A man is walking in the north-east direction and wind appears to blow from north. If the man doubles his speed, wind appears at angle arccot 2 east of north. Find the actual direction of the wind.
The wind comes from the west. You can check that it works; anyway, here is how I found this out:
Let us denote by $\displaystyle \vec{w}={w_E\choose w_N}$ and $\displaystyle \vec{v}={\alpha \choose \alpha}$ the respective speeds of the wind and the man, in an orthonormal basis $\displaystyle (\vec{e}_E,\vec{e}_N)$ (E for east, N for north). Since the man goes NE, both components of $\displaystyle v$ are equal to some positive $\displaystyle \alpha$.

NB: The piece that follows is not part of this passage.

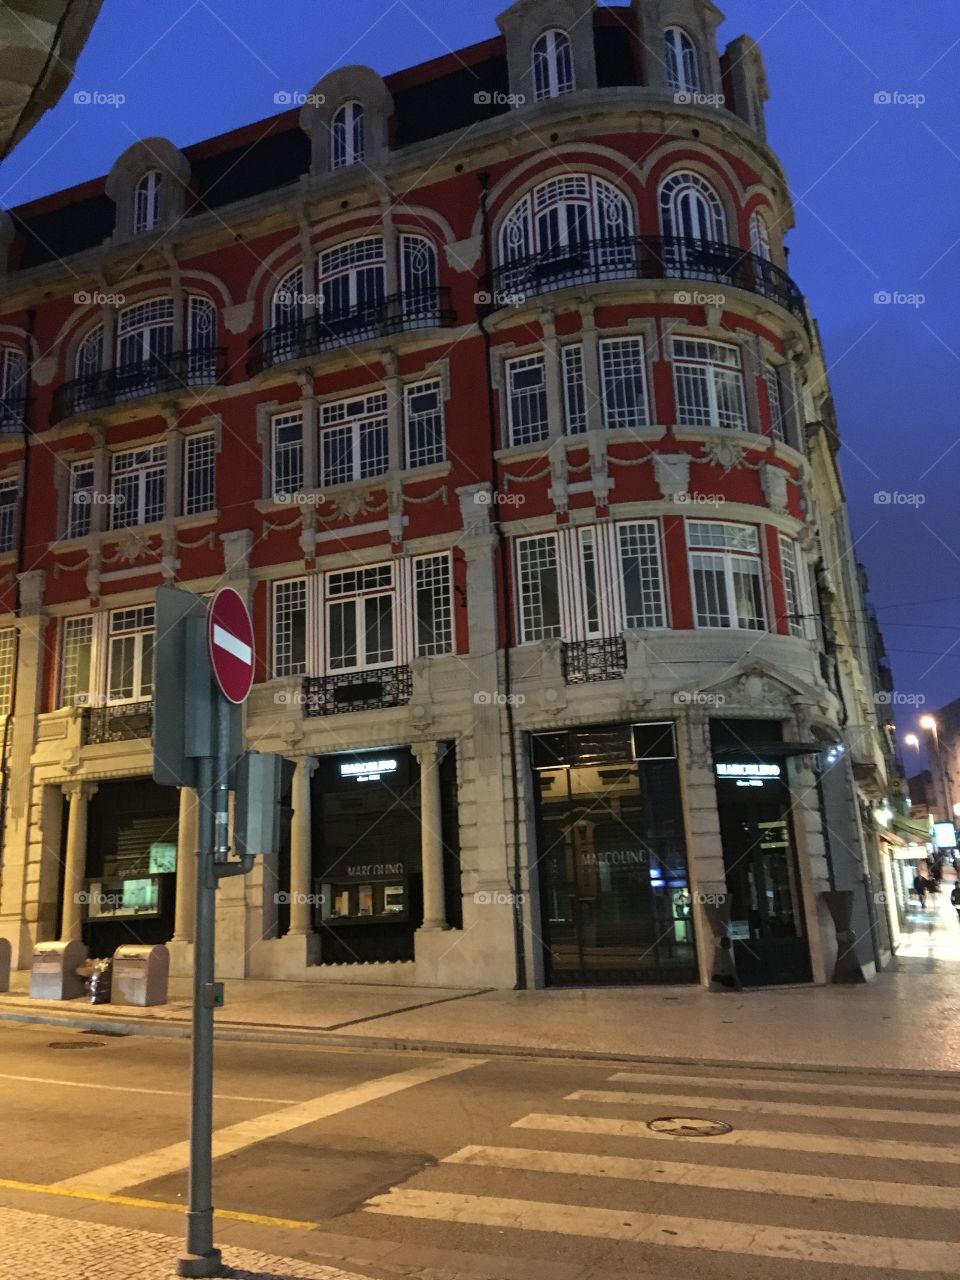 Building in Portugal 
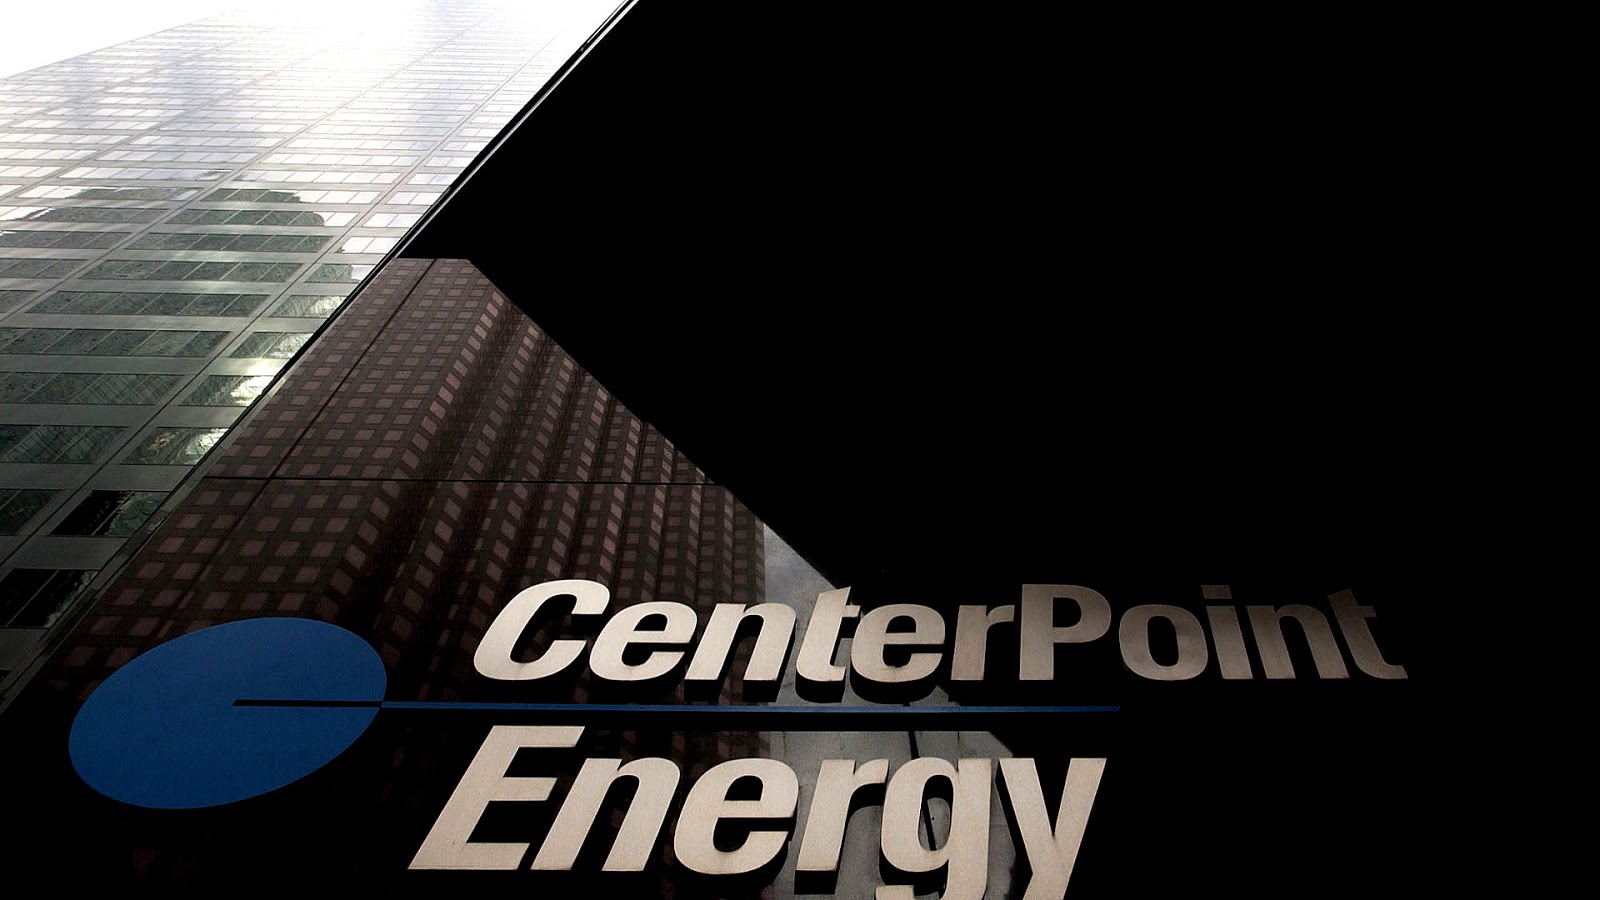 What Is The Phone Number For Centerpoint Energy

We know that the relative speed, i.e. the vector $\displaystyle \vec{w}-\vec{v}={w_E-\alpha\choose w_N-\alpha}$, is along the N direction, hence the E component is zero: $\displaystyle w_E=\alpha$.
Then we are told that the vector $\displaystyle \vec{w}-2\vec{v}={w_E-2\alpha\choose w_N-2\alpha}$ is (positively) colinear with $\displaystyle -{1\choose 2}$. This is the content of the statement about "arccot 2" (draw a right triangle with perpendicular sides of length 1 and 2; the least angle measures $\displaystyle {\mathop{arccot}}(2)$). As a consequence, $\displaystyle \frac{w_N-2\alpha}{w_E-2\alpha}=2$. Replace $\displaystyle \alpha$ by $\displaystyle w_E$ (as seen above), to get $\displaystyle 2-\frac{w_N}{w_E}=2$, hence $\displaystyle w_N=0$.
Finally, $\displaystyle \vec{w}={\alpha\choose 0}$ (the same $\displaystyle \alpha$ as in $\displaystyle \vec{v}$), and $\displaystyle \alpha>0$, which means that the wind comes from the west.
I hope my explanations are clear.
Laurent.